Rebel. But rebel pragmatically, acknowledging the reality of our time and place on this planet and fighting the battles of the 2020s, not the 1920s or 1960s:
The vehicle of revolution in Weil and Camus’s day—communism—long ago turned into a rusting hulk. But the world is heavy with other vehicles of immoderation, and the fumes are thicker than ever. They seem to bleed into the thoughts and words of most everyone; they risk poisoning not just those who first wield it, but those who rightly seek to defeat it. What Camus took from Weil merits our attention more than ever: “The logic of the rebel is to want to serve justice so as not to add to the injustice of the human condition, to insist on plain language so as not to increase universal falsehood, and to wager, in spite of human misery, for happiness.”
Rebellion in the service of universal justice, of truth over falsehood and happiness over misery, is a fine idea. If only we had an organizing principle, a banner to rally around, a goal to pursue that was unburdened by the sins of the 20th century and decades of dogmatic quicksand. If only we had something to work towards, instead of just fighting fires and staving off disaster.
It turns out that we do—we’ve always had it. And it has a name: utopia. But it does us no good as an idea if we can’t apply it to our present time and predicament. As Henry David Thoreau wrote in Walden:
If you built castles in the air, your work need not have been lost; that is where they should be. Now put the foundations under them.

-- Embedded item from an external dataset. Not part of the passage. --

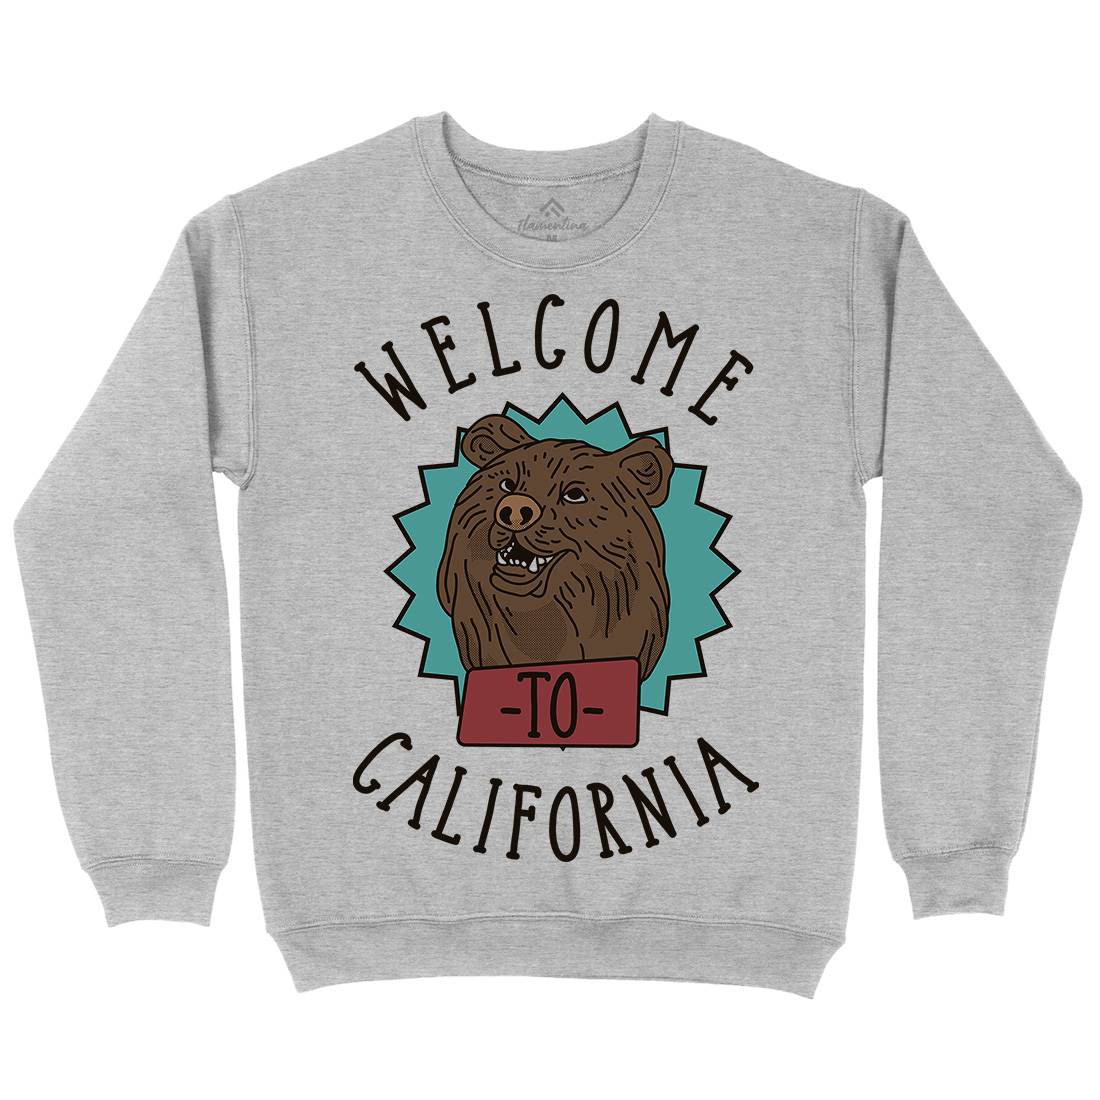 Welcome To California Kids Crew Neck Sweatshirt Animals D997

To be utopian today doesn’t mean rejecting messy reality for idealistic daydreams, or believing in the ultimate perfectibility of human society. Utopianism is simply the conviction that the world we have isn’t the only possible world: things can be better, and we can make them better. It’s the suspicion that we have all the knowledge and tools necessary to ensure a decent life for everyone on this planet—not a perfect life by any means, or even a happy one (we’re human!), but a decent one. What does that life look like? What does that world look like? And how do we get there?
We’re not blind to the fact that utopianism has let us down before. Our approach is deeply and necessarily skeptical—but never jaded. Like Agent Mulder, we want to believe. So here we are. Utopia, in spite of everything we’ve seen and everything we know. Utopia as impossibility. Utopia as necessity.

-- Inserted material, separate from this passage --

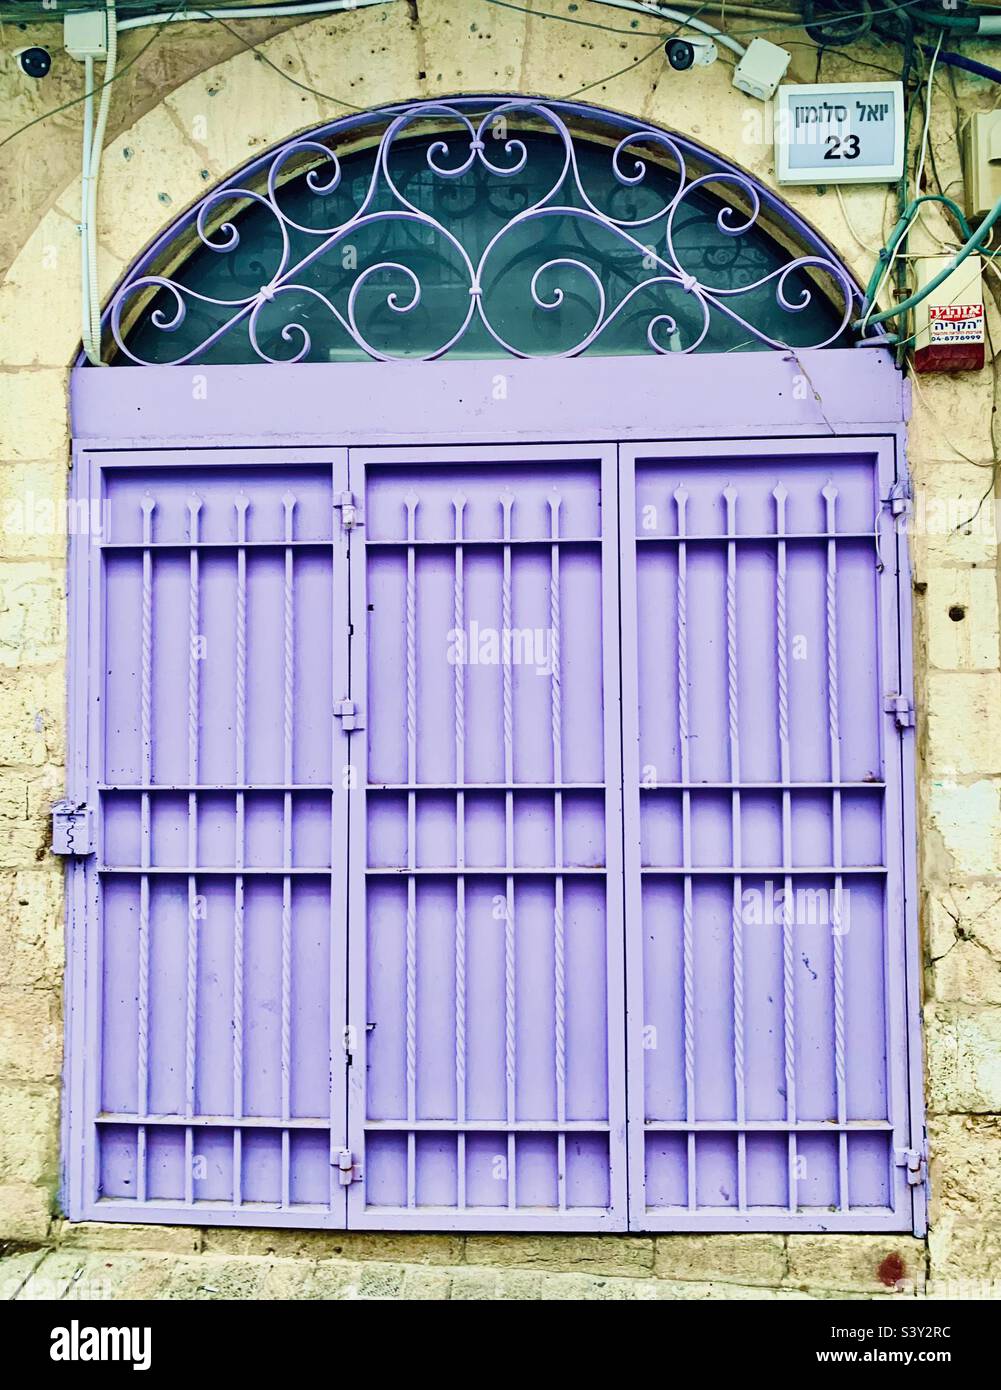 Wunderschöne Türen und Fenster im Nahalat Shiv’a Viertel in Jerusalem. Stockfoto

As an unabashedly utopian undertaking, we take our cue from Murray Bookchin’s lecture at the Toward Tomorrow Fair in 1978:
The simple fact now is that I’m not only not an environmentalist, I’ve got some hot news—I’m not a futurist. I’m not a futurist at all. I’m a utopian. I want to see this word revived. I want to see us use it. I want to see us think utopian. Not think futurism.
Clearly envisioning and describing the world we want for ourselves is the first and most important step in making it real. With utopia as both destination and point of departure, Common Task mines traces of our utopian past, maps the towering obstacles ahead (along with the dystopian shadows they cast), and explores the pieces of it already around us, working to bridge the gap between what is and what could be.
Read the manifesto →
Common Task transmits from Los Angeles—the last city, accidental cultural capital of the planet, and as Moxie Marlinspike puts it, a place that “is like living at the end of the world, the end of history. All the decisions have been made. This is the world we get.” California’s flirtations with utopia (and its mostly opposite results) are a story we’ll keep returning to.